Whenever you trying to improve in some area of life, you’ll experience pain and struggle. Don’t try to avoid them – in fact, take them as a sign that you’re doing something right. If there is no difficulty, it’s likely your goals are too small.

That doesn’t mean you fall into the trap of the Obsessive and start pushing your body beyond unreasonable limits, work or train every minute of the day, or never take holidays. Aim for slow, steady progress, while having enough challenge to stimulate and motivate you.

My Experience: learning Chinese. When I started learning Chinese in 2020, I knew what I was getting myself in for. Having already learned Spanish, I knew that learning a language is a long, hard climb, but a rewarding one. As I made my way to my first ever Mandarin class, I contemplated what awaited me. I could almost feel the pain and struggle that was to come. But I realised that at the other end was a huge reward: fluency, and all its perks. And I was right.

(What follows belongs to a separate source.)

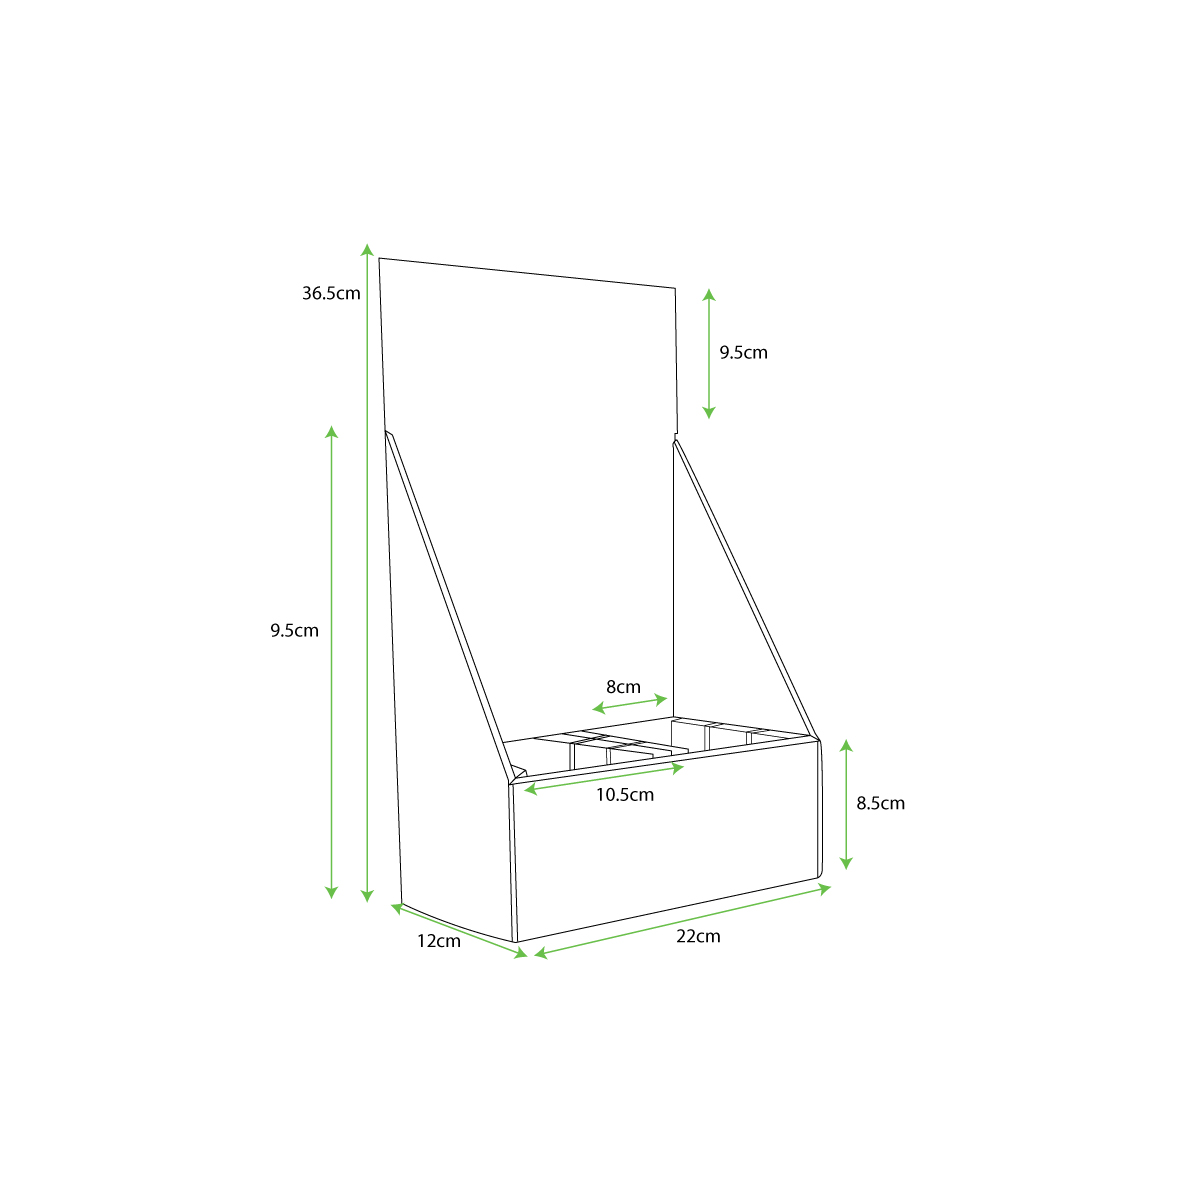 Northey CDU - with dividers - Dimensions

The Comfort Disease & How it Hamstrings Your Self-Improvement Journey

We know that reward is proportional to challenge, and that when faced with a challenge we must expend effort to overcome it.

When I came up with the Proportional Reward Principle, I immediately noticed that it perfectly explains why modern technology is so dangerous to our wellbeing.

Why take on a challenge when instead we can spend hours watching YouTube shorts on our sofa? Why spend one hour every day learning a new language to watch films in the original language when instead I could turn on the subtitles instead? What’s the point of all that effort?

In fact, nowadays we don’t even have to leave our house to meet our basic needs. We can have our shopping delivered, order takeaways, buy things on the internet, and even socialise and do exercise, from the comfort of our home. Why make life any more difficult than it needs to be?

My formula explains why this comfortable lifestyle doesn’t work: our organism thrives, physically and psychologically, in the face of challenge. This makes us feel more alive. We adapt and grow. We come into contact with the magic of life.

Many of our mod cons, such as TVs, smartphones, social media, Spotify and YouTube, do one thing: they feed our tendency to avoid effort. This means we never overcome challenges, and never experience the reward associated with them.

Comfort is a self-imposed disease that slowly empties us of verve, excitement and passion for life. Lacking the sense of reward we gain from overcoming challenges, we look for it wherever it seems instant and easy to attain. Whether we try alcohol, drugs, partying, TV, gaming, or pornography, this strategy doesn’t work.

The only viable strategy is to expend the effort required to improve our level of competence and experience the deep lasting rewards and personal growth this brings.